Sur les conclusions aux fins d'injonction :
4. Le présent arrêt, eu égard au motif qui le fonde, implique nécessairement que le préfet de la zone de défense et de sécurité Sud prenne une décision reconnaissant l'imputabilité au service de l'accident dont a été victime Mme B... le 12 septembre 2014 et en tire ensuite les conséquences qui s'y attachent, notamment en termes de prise en charge de ses arrêts de travail du 12 septembre 2014 au 1er juin 2016. Cette mesure devra intervenir dans un délai de deux mois à compter de la notification du présent arrêt.

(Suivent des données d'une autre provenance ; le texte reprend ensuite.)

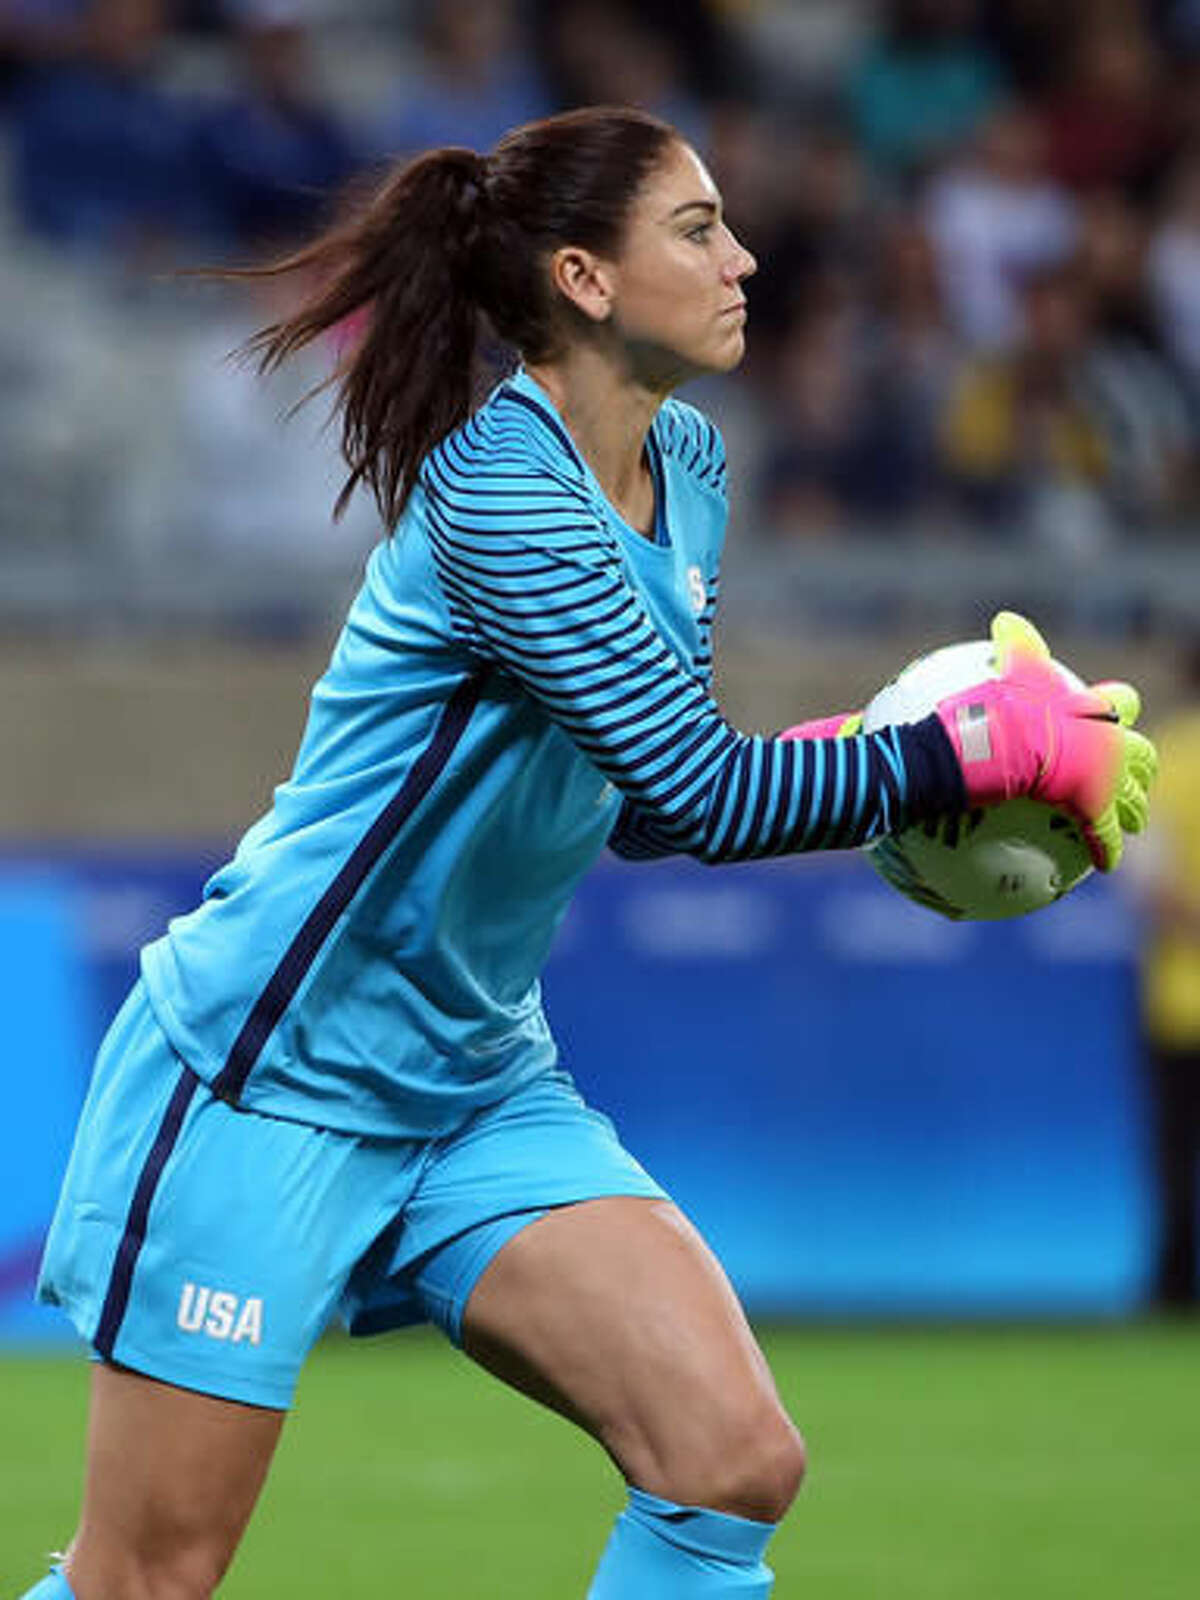 United States goalkeeper Hope Solo holds the ball during a women's Olympic football tournament match against New Zealand at the Mineirao stadium in Belo Horizonte, Brazil, Wednesday, Aug. 3, 2016. Solo says she was not bothered by fans who chanted "Zika, Zika" at her as the U.S. women's soccer team defeated New Zealand in its Olympic debut on Wednesday. The crowd jeered the goalkeeper with the reference to the virus that has scared many athletes ahead of the Rio Games.(AP Photo/Eugenio Savio)

Sur les frais liés à l'instance :
5. Il y a lieu, dans les circonstances de l'espèce, de mettre à la charge de l'État une somme de 2 000 euros à verser à Mme B... au titre des frais exposés et non compris dans les dépens.
D É C I D E :
Article 1er : Le jugement du tribunal administratif de Marseille du 26 mars 2018 et la décision du 8 juin 2016 prise par le préfet de la zone de défense et de sécurité Sud sont annulés.
Article 2 : Il est enjoint au préfet de la zone de défense et de sécurité Sud de placer Mme B... en congé pour maladie imputable au service à compter du 12 septembre 2014 et de prendre en charge ses arrêts de travail jusqu'au 1er juin 2016 comme imputables au service, dans le délai de deux mois à compter de la notification du présent arrêt.
Article 3 : L'État (ministère de l'intérieur) versera à Mme B... la somme de 2 000 euros sur le fondement de l'article L. 761-1 du code de justice administrative.
Article 4 : Le présent arrêt sera notifié à Mme D... B... et au ministre de l'intérieur.
Délibéré après l'audience du 5 février 2019, où siégeaient :
* M. Gonzales, président,
* M. d'Izarn de Villefort, président assesseur,
* Mme Tahiri, premier conseiller.
Lu en audience publique le 5 mars 2019.